*** Exercise data ***

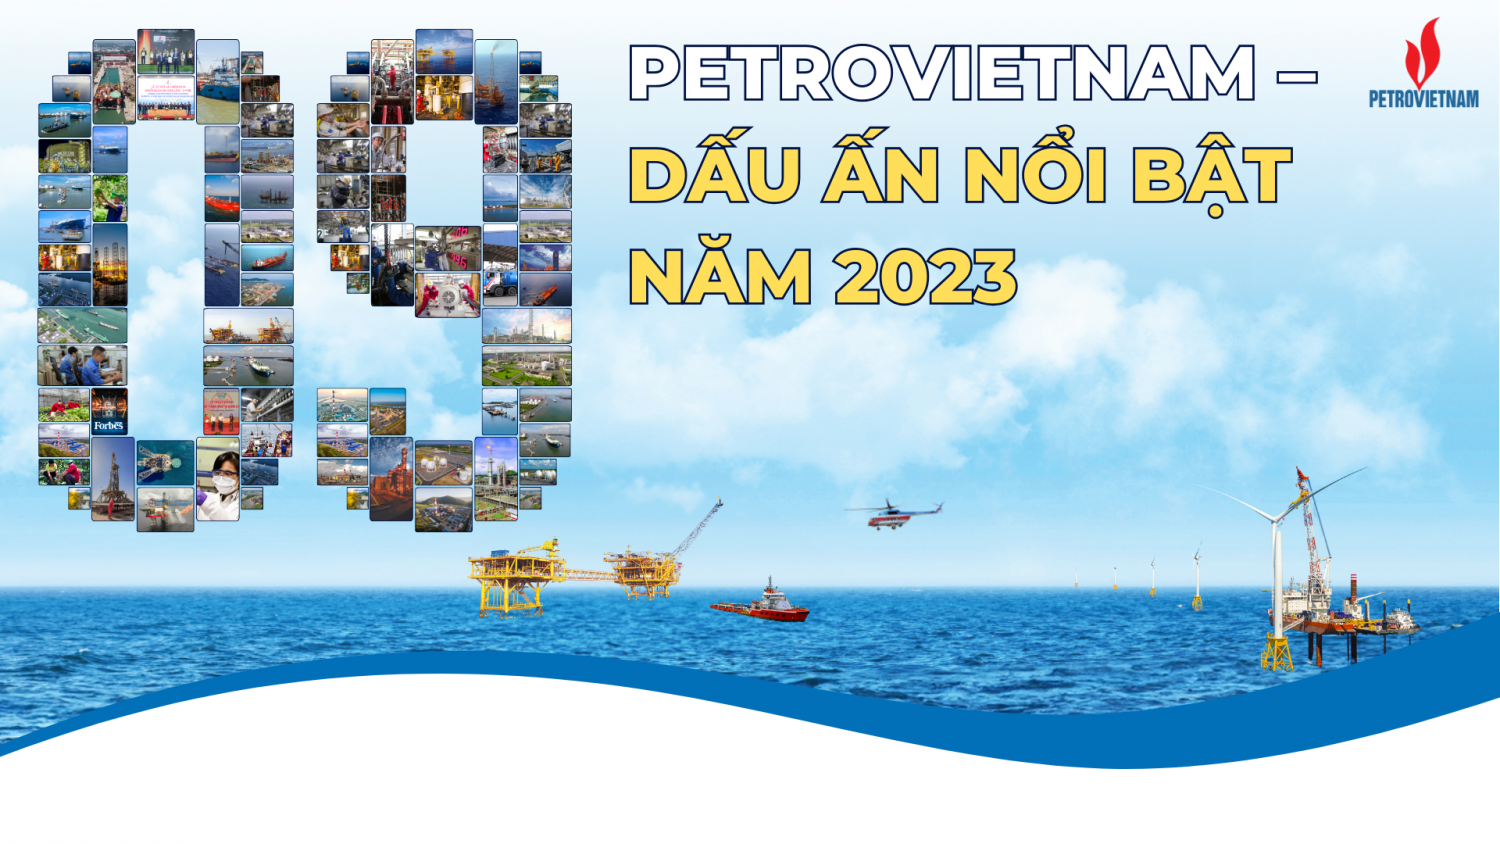 [P-magazine] Petrovietnam - 9 Dấu ấn nổi bật năm 2023
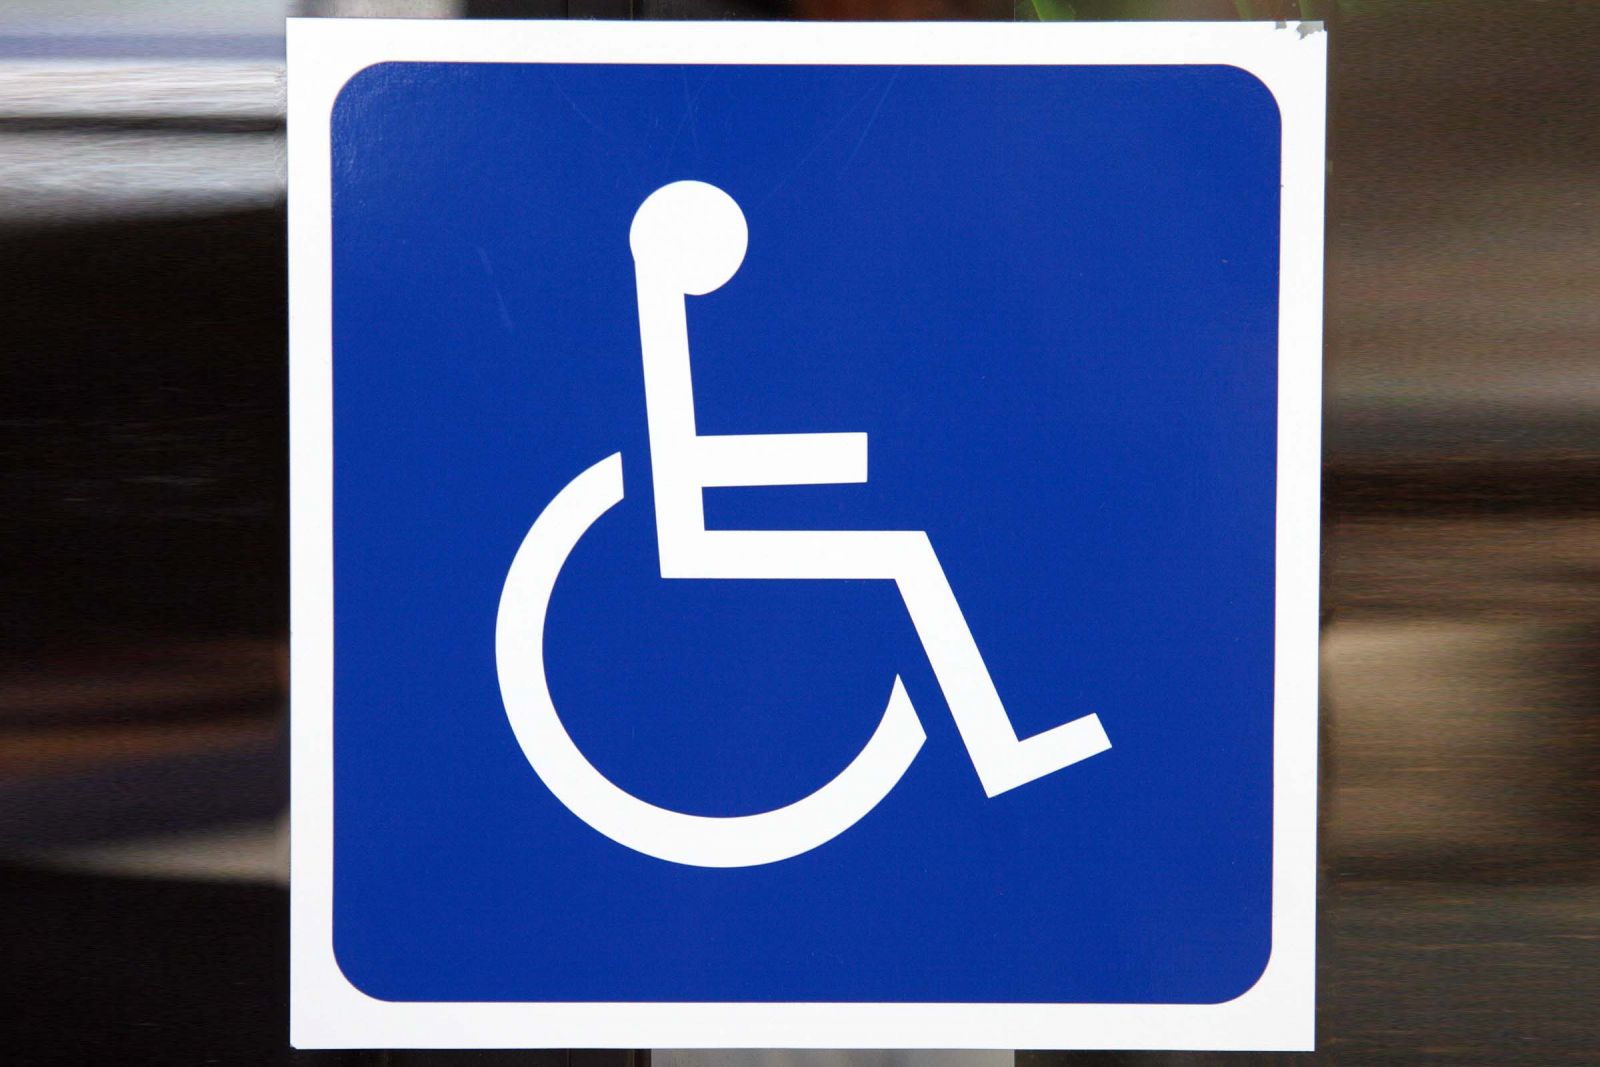 شرایط پلاک ویژه معلولان اعلام شد / مناسب سازی خودرو و مسکن معلولان
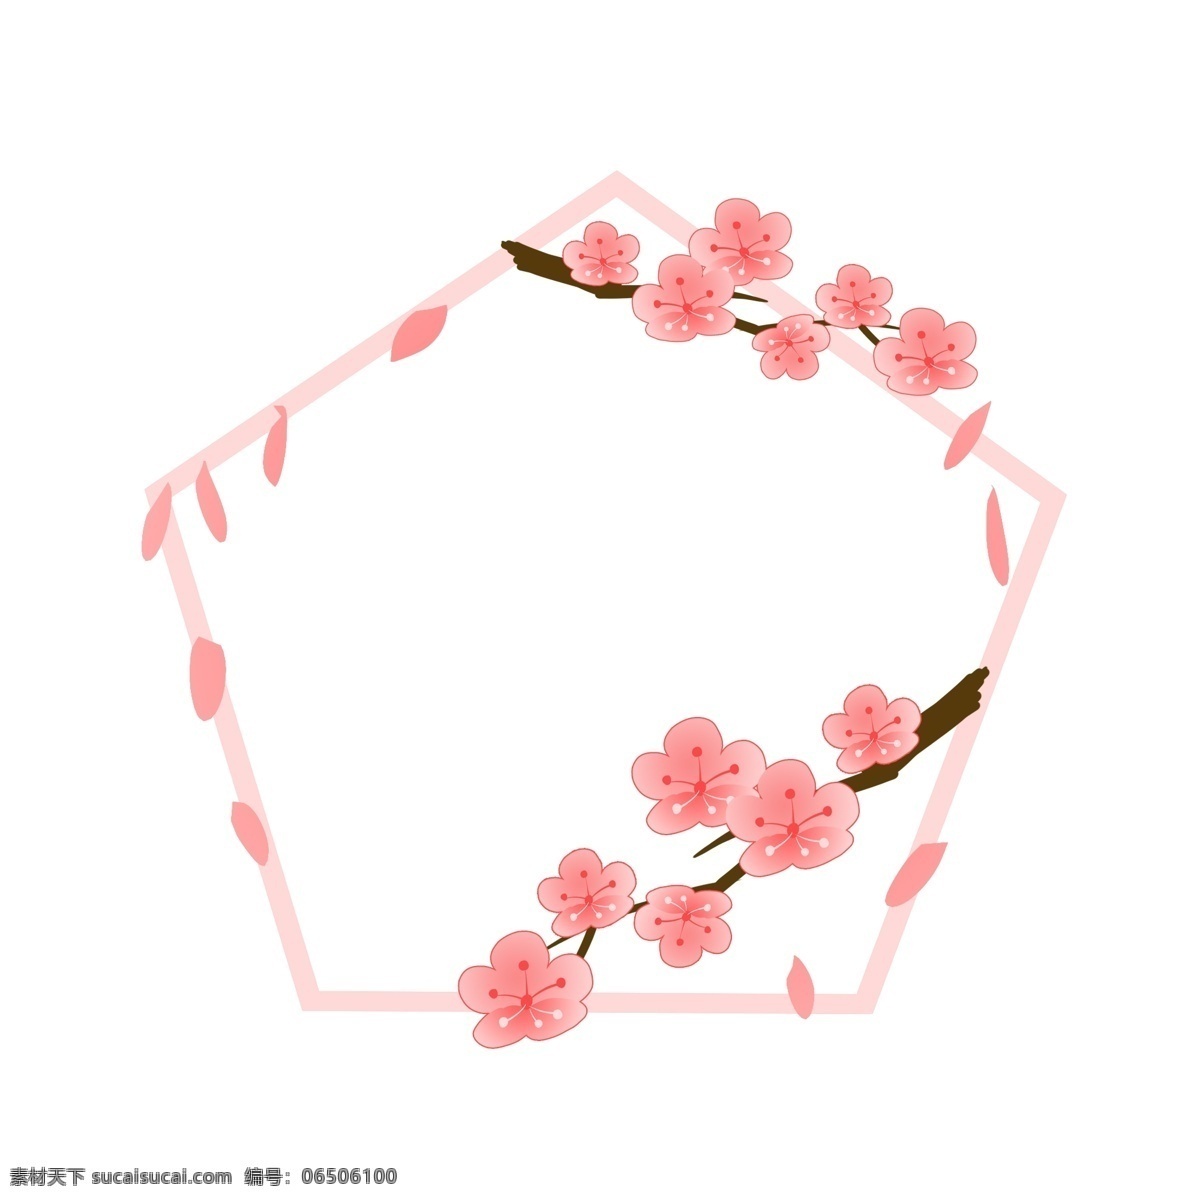 绽放 花朵 春季 框 插画 绽放的花朵 卡通插画 春天 春季边框 春季框 框架 五边形边框 粉色的边框

*** End of Exercise data ***

* Assignment
Retype the material above exactly, images excluded.

* Reply to the task
 [P-magazine] Petrovietnam - 9 Dấu ấn nổi bật năm 2023
 شرایط پلاک ویژه معلولان اعلام شد / مناسب سازی خودرو و مسکن معلولان
 绽放 花朵 春季 框 插画 绽放的花朵 卡通插画 春天 春季边框 春季框 框架 五边形边框 粉色的边框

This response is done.